Тем временем Гаррисон оделся и спустился вниз, дожидаясь доклада Кениха. Теперь он стоял, похлопывая дрожащего добермана, а Кених старался собраться с духом. Наконец, взяв своего друга за локоть, Гаррисон провел его в библиотеку и закрыл за собой дверь. В следующий момент, прежде чем он успел повторить свой вопрос, в дверь постучали, и вошел Джо. Он, запинаясь, обратился к Кениху:
— Она пришла в себя, мистер Кених, сэр. У бедняжки на горле синяки, рот немного кровоточит. Она совсем не шевелится — сильно напугана, но с ней все будет в порядке. Прямо сейчас фей отпаивает ее горячим. Ее зовут Элис Грин, из Амсворта. И вы были правы, это изнасилование, вернее, попытка. Она не знает этого парня — встретила его в Викхеме на дискотеке. Это все, что я смог узнать.
Она сказала, что.., что с ним случилось? — спросил Кених.
— Нет, не сказала. Только лепетала, что его остановили и о его криках. Да вы, наверняка, все слышали их. — Гаррисон ощутил содрогание Джо. — В самом деле, я сказал бы это.., я не знаю, — он беспомощно пожал плечами, — ., может быть, свора собак?
— Спасибо, Джо, — произнес Гаррисон. — Полиция скоро будет здесь. Пожалуйста, сообщи нам, когда они приедут, хорошо? — Когда Джо вышел, он повернулся к Кениху. — Вилли, какого черта здесь происходит? Кое-что я понял, но... — он в замешательстве развел руками.
Теперь немец более-менее овладел собой. Он налил бренди в два стакана — это было нечто, чего он не стал бы делать в нормальном состоянии, прежде не спросив. Они оба сели.
— Я понял, что это была попытка изнасилования, — начал Гаррисон. — А что было дальше? Кених со стуком отставил свой стакан.
— Все правильно, Ричард, попытка изнасилования. Он, кто бы он ни был, разрезал на девушке одежду ножом. Я видел, там лежал нож, где мы с Сюзи нашли девушку, я оставил его там для полиции, в любом случае девчонка была напугана до безумия и потеряла сознание прежде, чем я смог от нее чего-нибудь добиться. Она сказала, что видела что-то большое и черное.
— Подожди, — поднял руку Гаррисон. — Вилли, ты все так же настойчиво избегаешь упоминать его, насильника. И что там было за убийство?
Кених кивнул и прочистил горло.
— Да, — ответил он, — убийство — его убийство!

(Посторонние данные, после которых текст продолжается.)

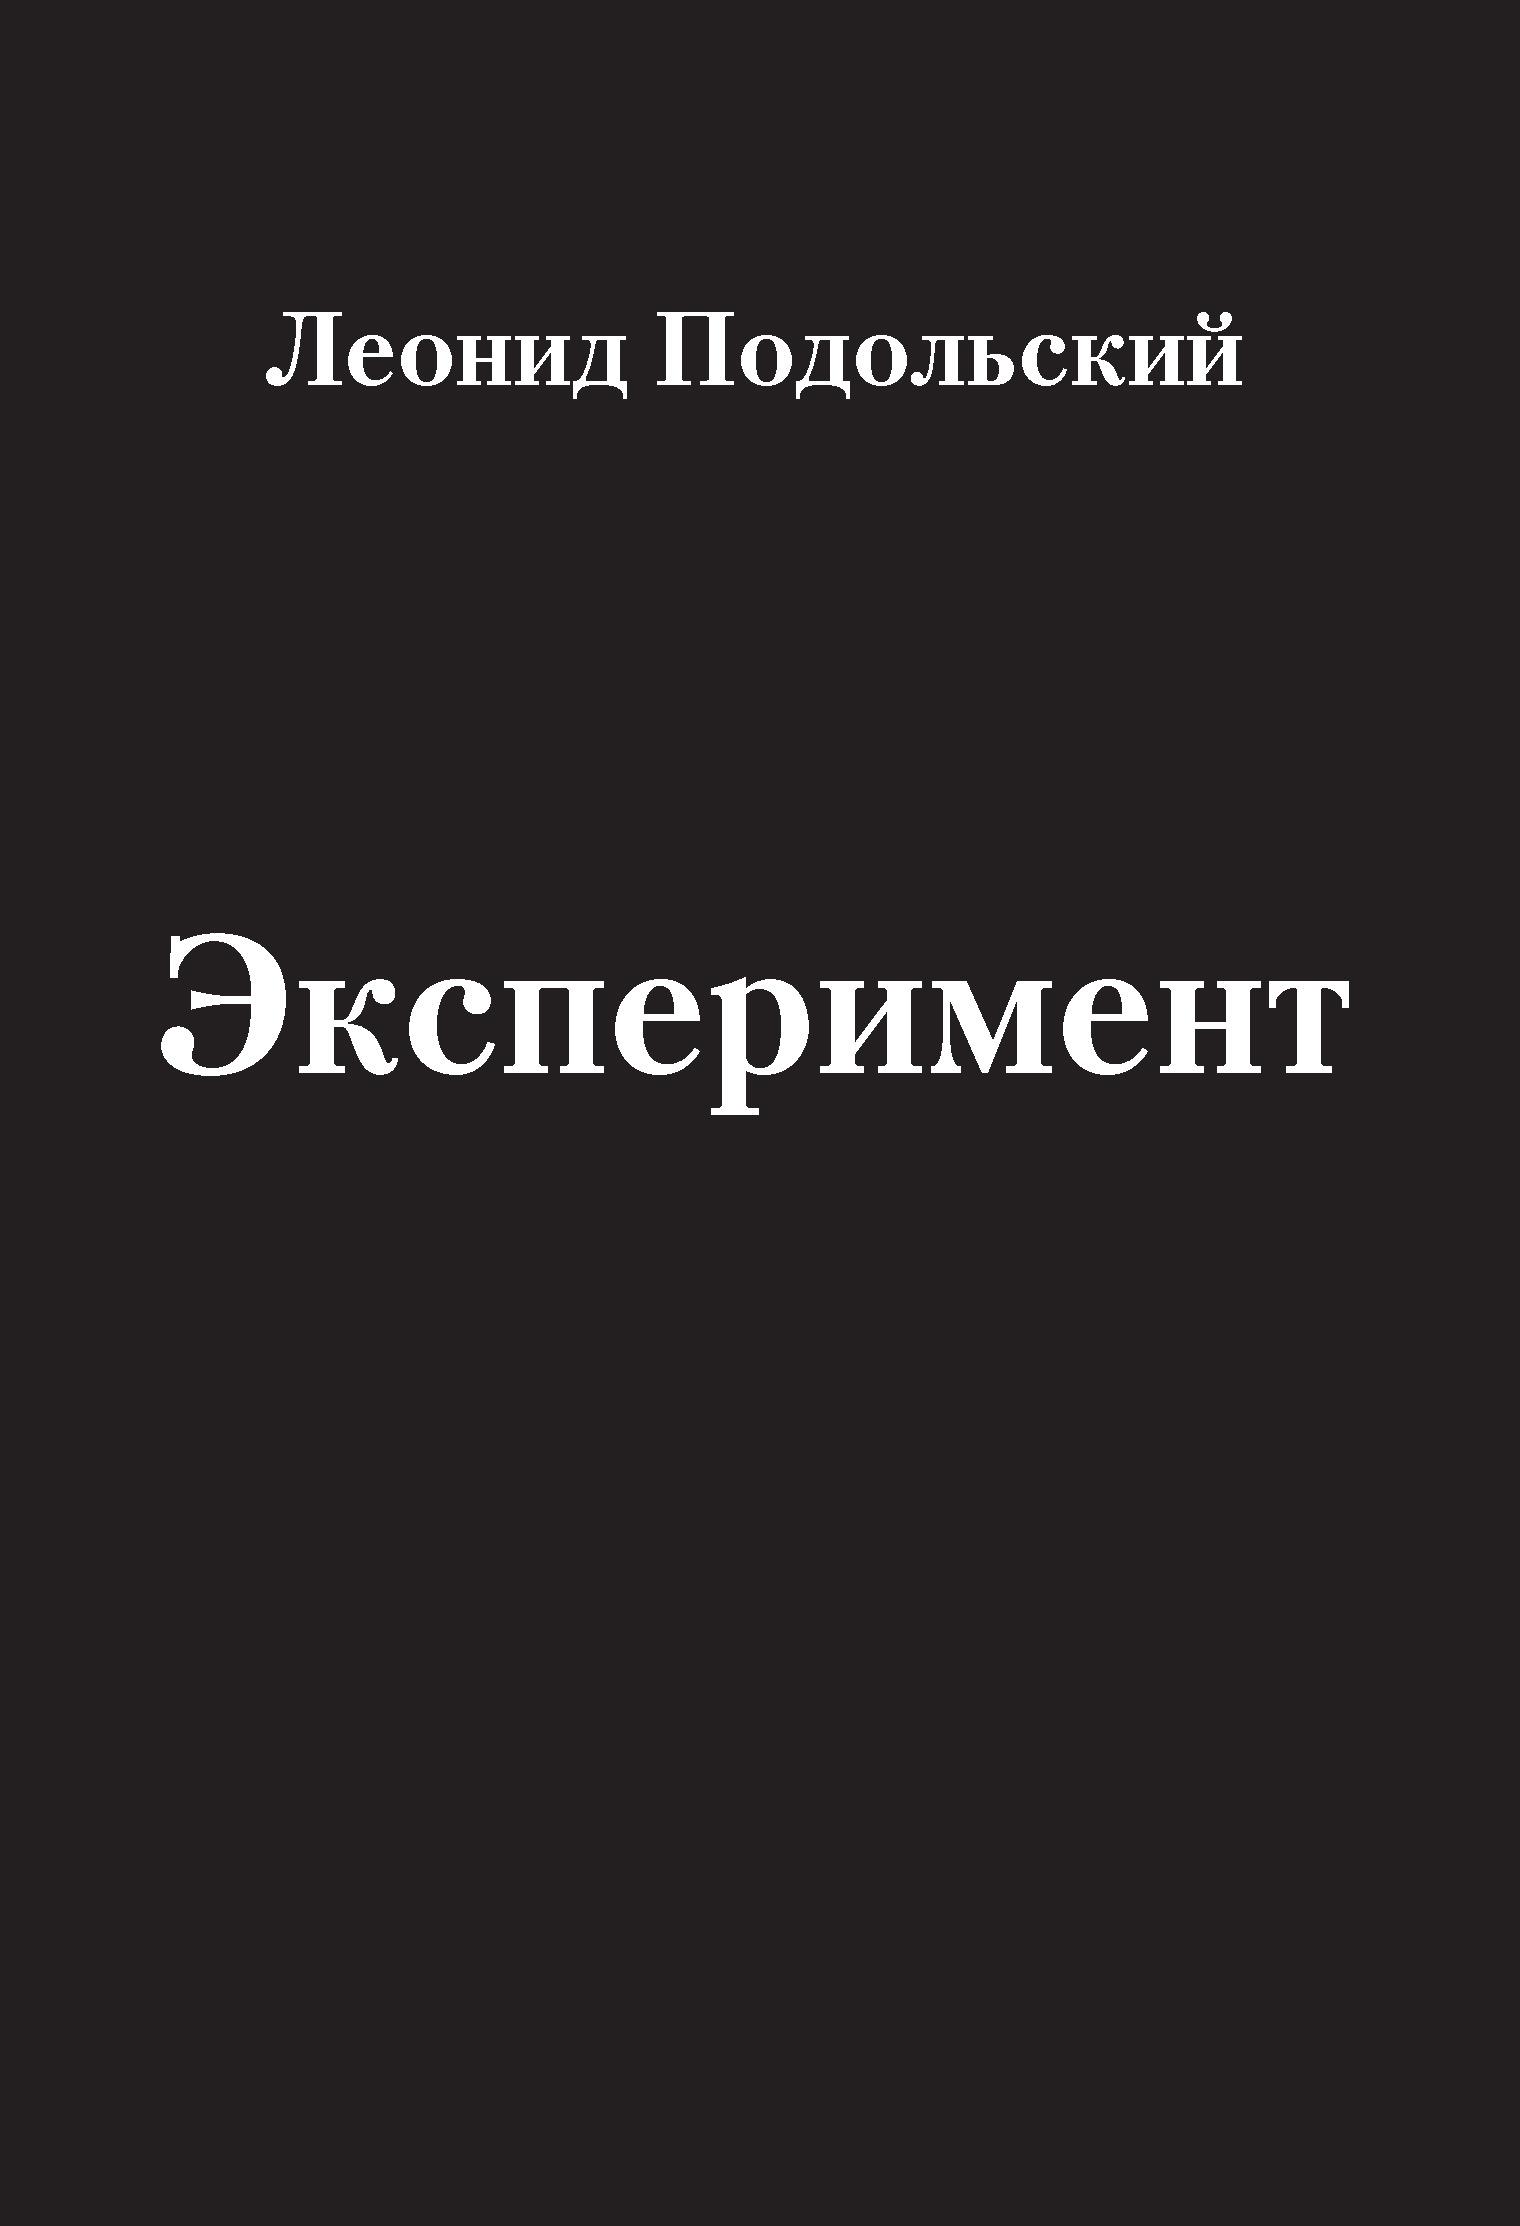 Леонид Подольский Эксперимент (сборник) леонид подольский судьба сборник прозы

Ты знаешь, я был рад поскорее вернуться в дом. Что бы там его ни убило, но оно было большое. Должно быть, это было...
— Продолжай.
— Ну.., конечно, там, где я стоял, было темно, и я не совсем уверен, мой фонарик не очень хорошо высвечивал кусты, но, думаю, что куски его разбросаны по всему саду!
— Что?
Кених нервно дернул плечами.
— Так оно и было, Ричард. Жуткое дело. Ты слышал крики...
— Они разбудили меня.
— Они подняли бы и мертвого, — Кених вздрогнул. — Кусты, где лежала девушка.., ну, они красные. Я видел руку. И ногу. И, кажется, часть липа.
— Бог мой!
— Бог? — голос Кениха был очень тихий и немного дрожал. — Даже если бы я был верующим, я и то не смог бы связать Бога с тем, что случилось там сегодня ночью!
* * *
Гарету Вятту эта ночь здорово попортила нервы;
Отто Криппнеру, он же Ганс Маас, — принесла дикий успех; Джорджу Хаммонду — излечение, да такое, что позже тот снова смог вписаться в общество и стать, каким был раньше, уважаемым гражданином. Но во всех изданиях центральной и южной части Англии появился заголовок, взятый из местной газеты — “Очень плохая ночь для насильников”. И это самое малое, что можно было сказать.
Однако у Вятта снова не дошли руки до газет, и поэтому он не сделал никаких выводов; но даже если бы он и прочитал их, сомнительно, что заметил бы что-нибудь необычное. Или самое большее, чего от него можно было ожидать, назвал термином “совпадение”. В конце концов, это было изложено обычным газетным языком. Маас же прочитал газеты и заметил все, но это только усилило его желание и безумные амбиции.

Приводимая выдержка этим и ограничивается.